In Britain now the jealous autochthonous gods
Have risen, fragging their Themis of the land,
Sacrificing for the sake of trite Boudiccas
The splendid loyalties of base mechanicals,
The distributive dreams and universal style.
XII
‘Words have inside them no marrow!’
The re-born Wanderer sang,
‘Although with ornaments resplendent!’
The Twice-born Borderer had answered:
‘And when they came together to the house,
They ate and drank and day by day rejoiced.’
XIII
Words have no roots, nor proper names.
They are called up to fill the slots,
Insubstantial and gauche, as are the dead
With their orectic tongues, scratching at the table,
Galavanized and twitching like the frogs,
Wired to the work-bench of the sage.
XIV
Resist the stillness.

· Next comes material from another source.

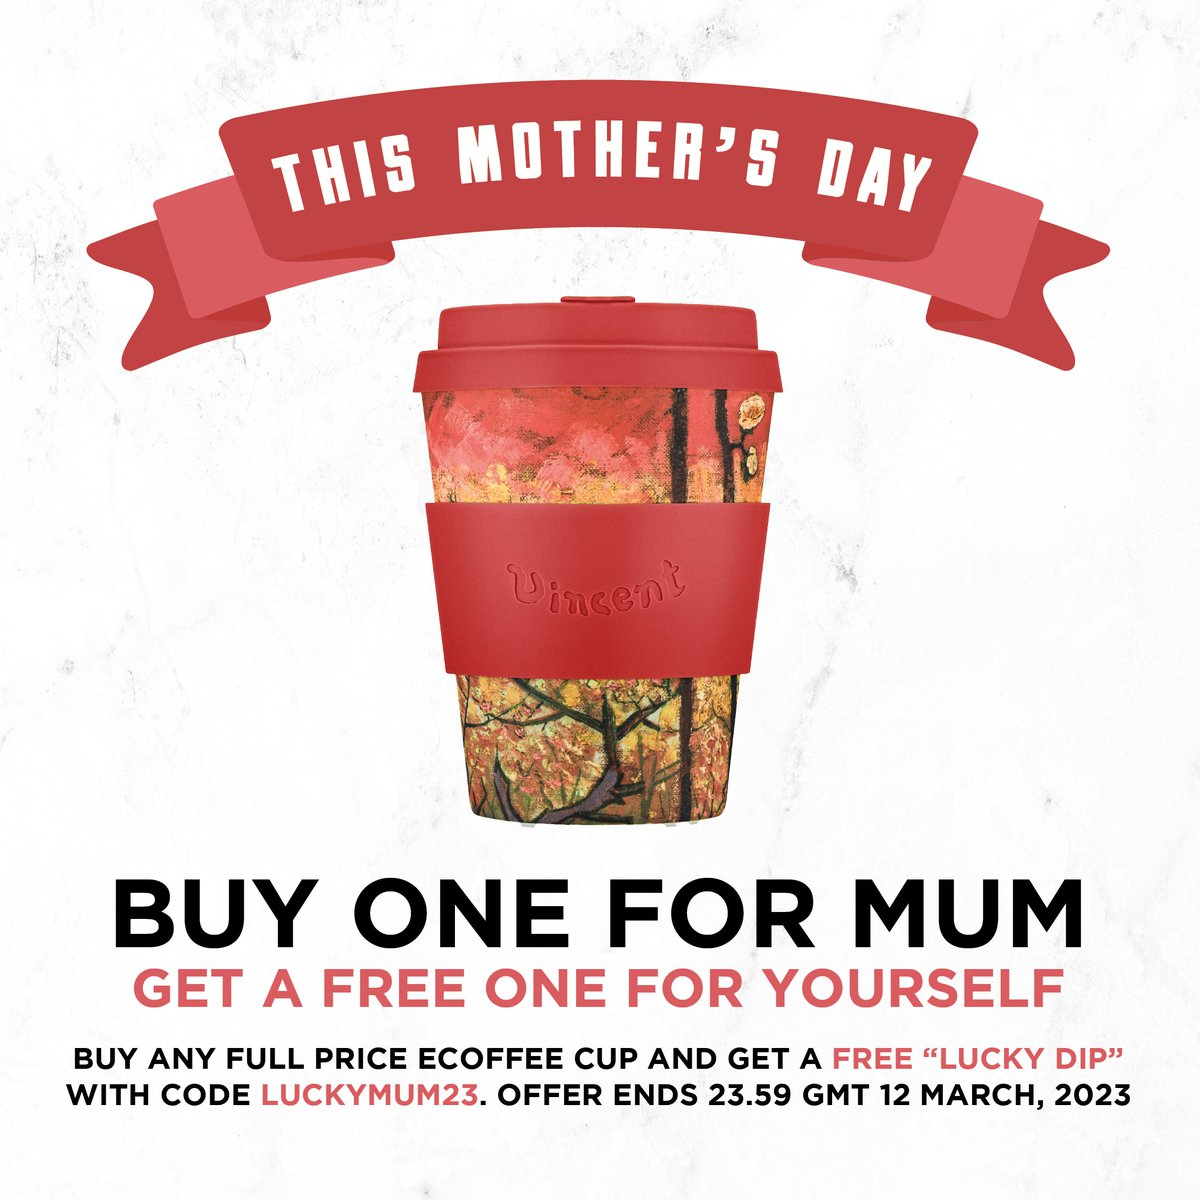 Buy any full price Ecoffee Cup for your Mum and get a 'Lucky Dip' free this #MothersDay with the code LuckyMum23 ❤️ With all the different designs and sizes, there's something for everyone. Browse our range at ecoffeecup.com – link in bio. #choosetoreuse #ecoffeecup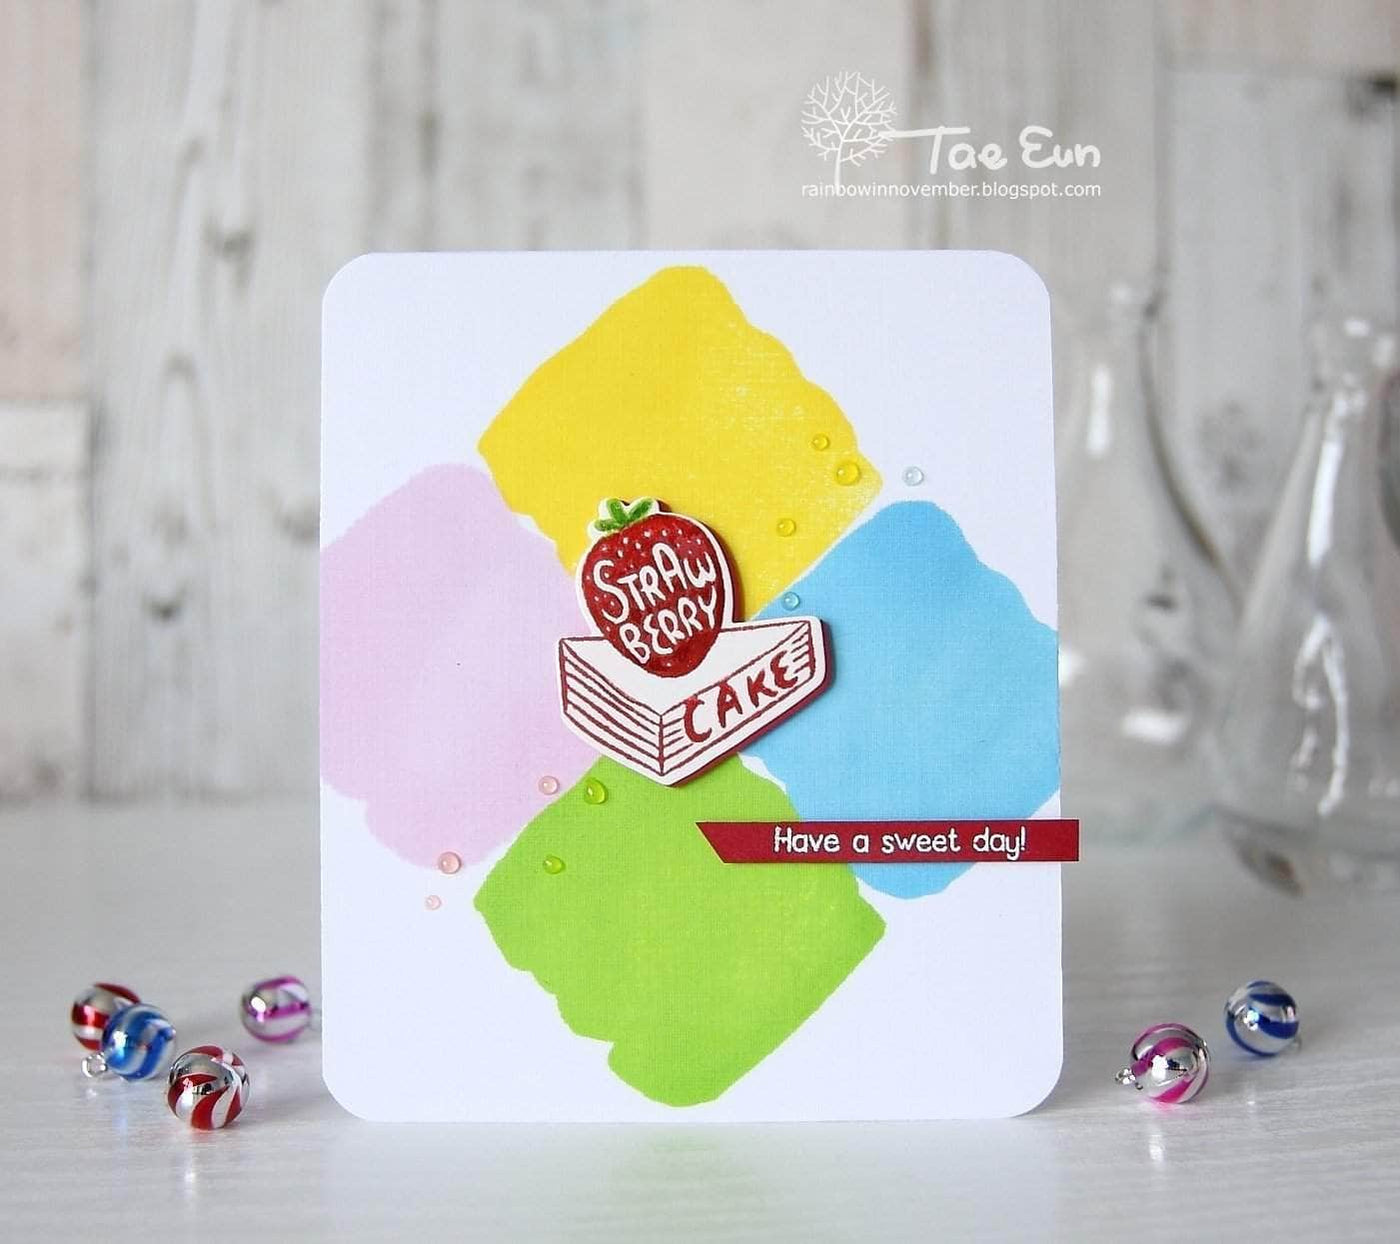 Photocentric Clear Stamps Watercolor Frames Stamp Set

Command
The darkness of our motor fantasies,
The listless whispering of inner voices.
Save the phenomena with demon festivals.
I order now this stanza to return to
Graves; there are no others.
XV: Threnos
There are so many stars and only twelve signs
There are so many days and only five feasts
Somebody remarked that the nights have no names, but nor have days,
only cyclical ciphers.
There is so little order.
It is not the loss of reality which is grieved for, it is the sparseness of order.
The few named ones are just hostages of order.
Besides, they had no proper names, nor numbers, sitting round the table,
jury-fashion
Unclaimed signs, or star-ciphers, open like days? and cyclical…
Only, voyager, do not presume to think that short-cuts are in any way
privileged.
Only, fellow-traveller, do not think that we are.